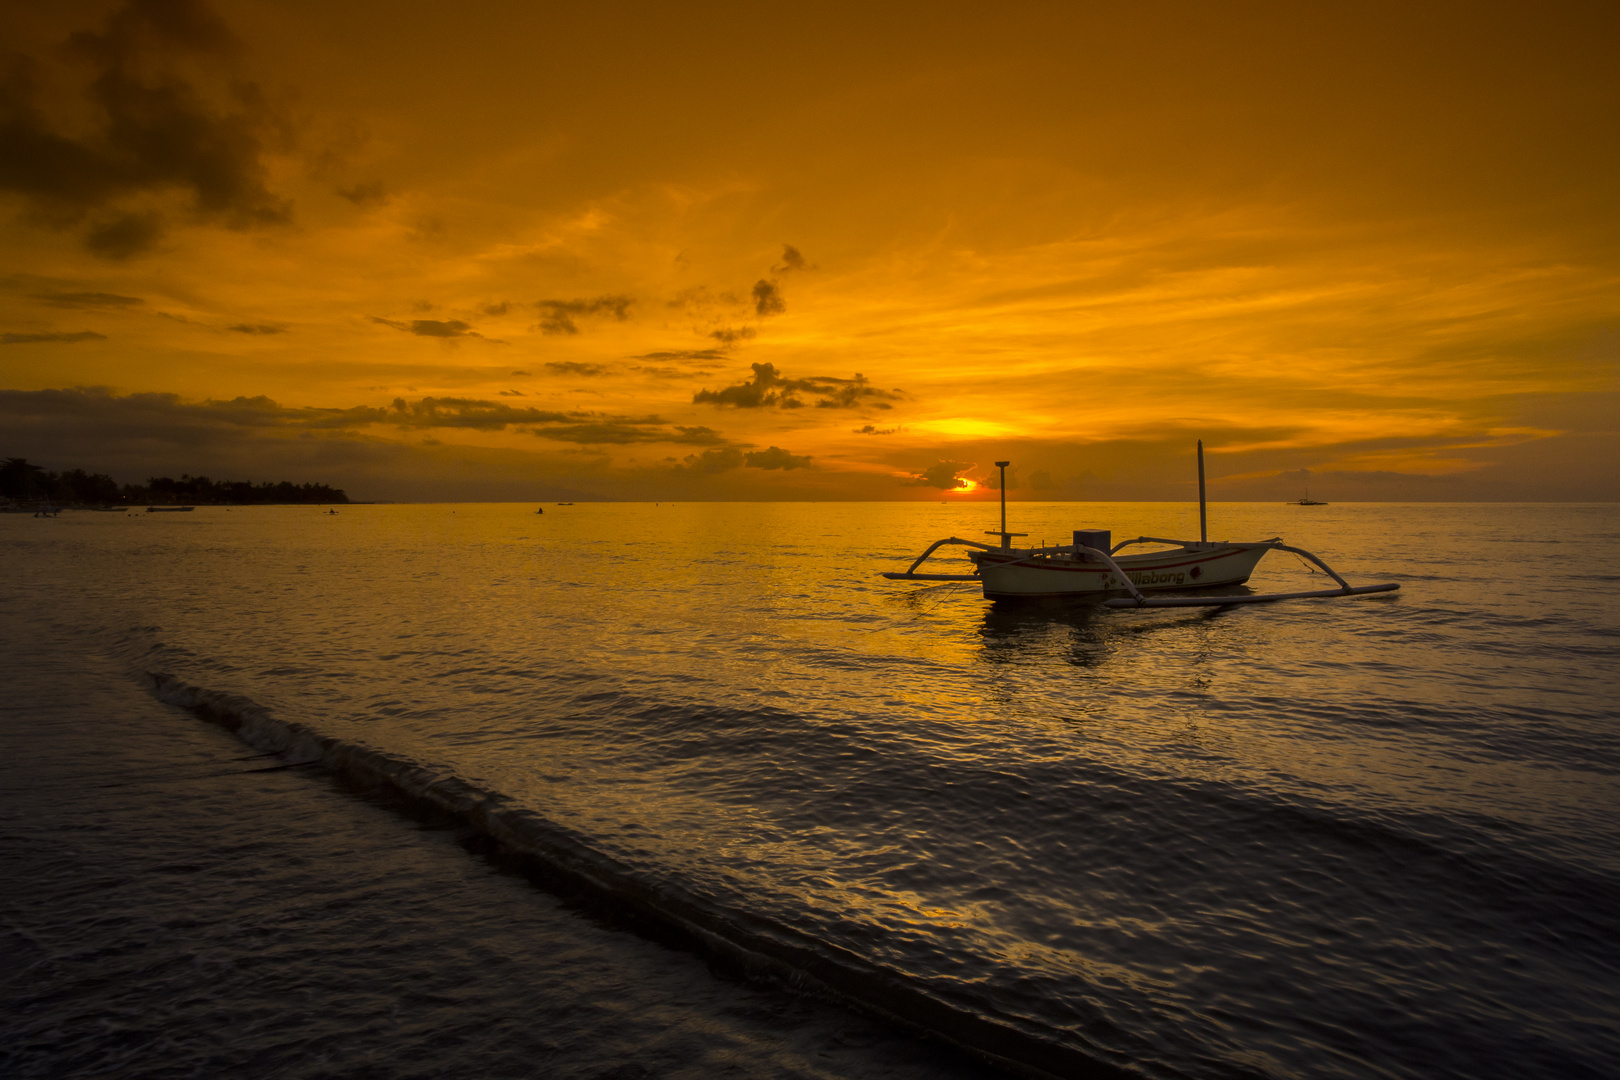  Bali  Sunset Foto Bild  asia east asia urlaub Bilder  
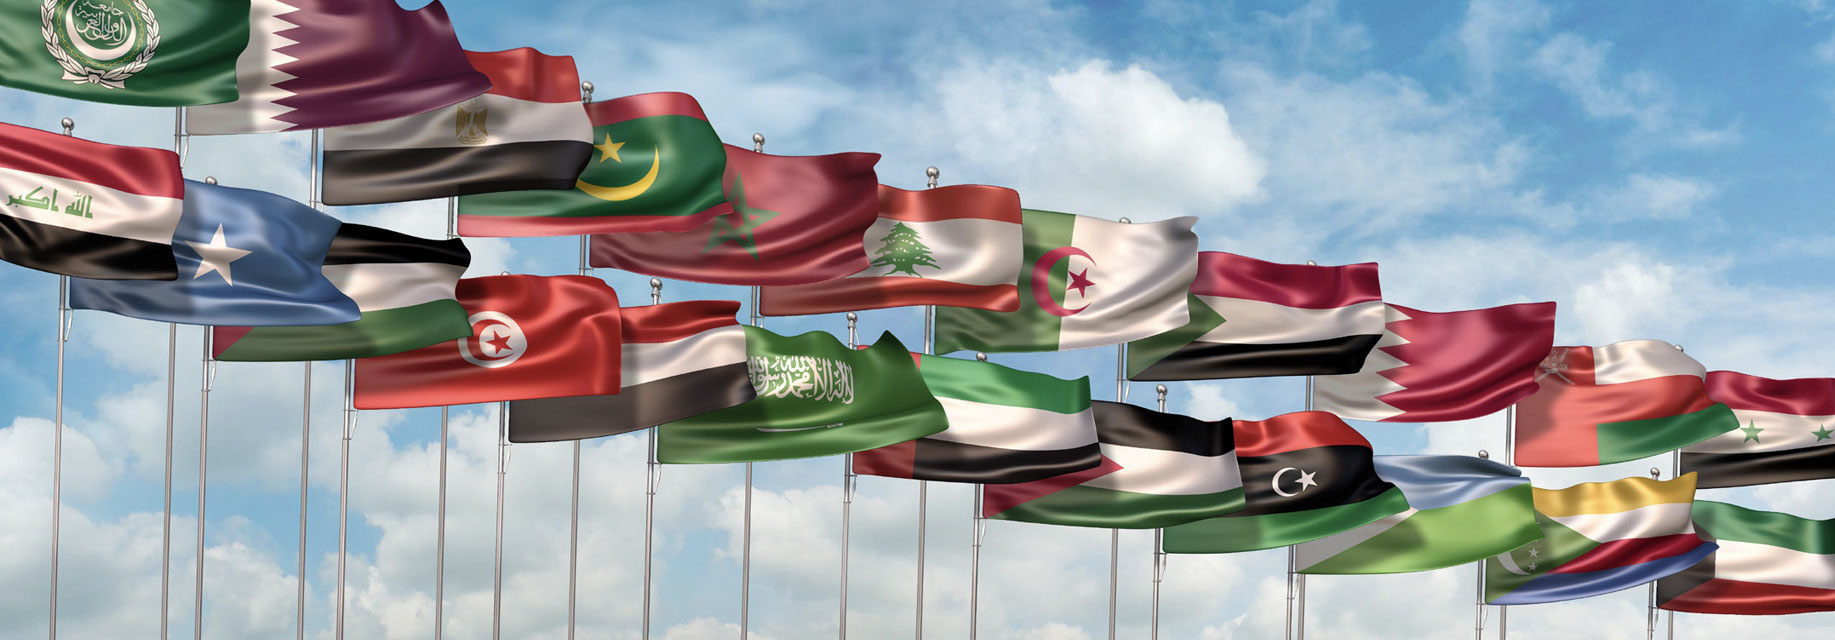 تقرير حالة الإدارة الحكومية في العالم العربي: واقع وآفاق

______

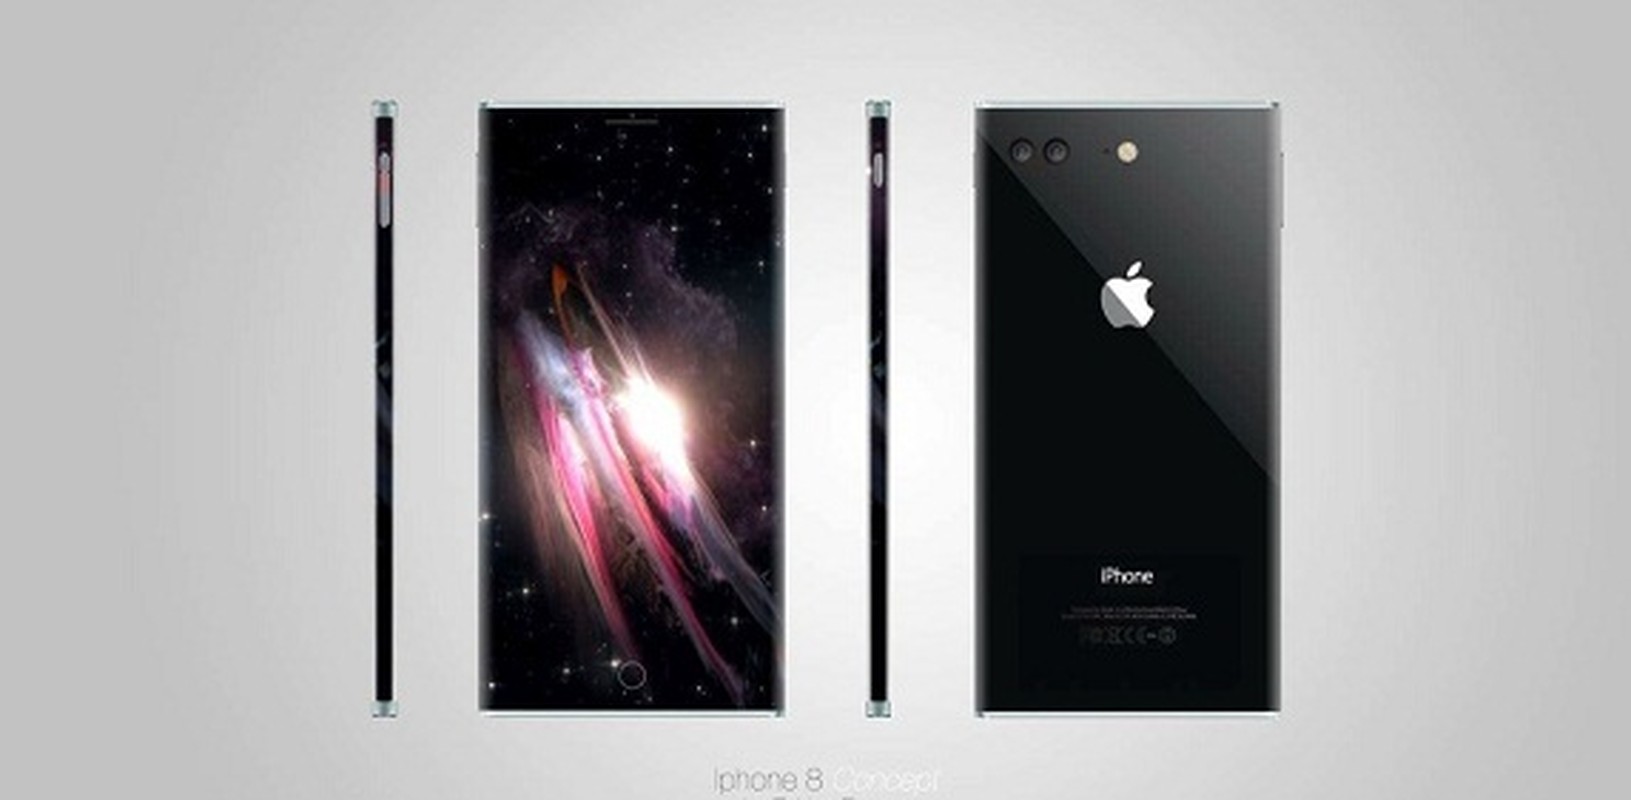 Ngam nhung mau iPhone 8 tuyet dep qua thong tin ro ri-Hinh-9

______

### [Task instructions]
Although the records above contain pictures, the copy should not; retype exactly the lines from the one containing "asia urlaub Bilder" through the one containing "تقرير حالة الإدارة".

### [Solution to this problem]
  Bali  Sunset Foto Bild  asia east asia urlaub Bilder  
 تقرير حالة الإدارة الحكومية في العالم العربي: واقع وآفاق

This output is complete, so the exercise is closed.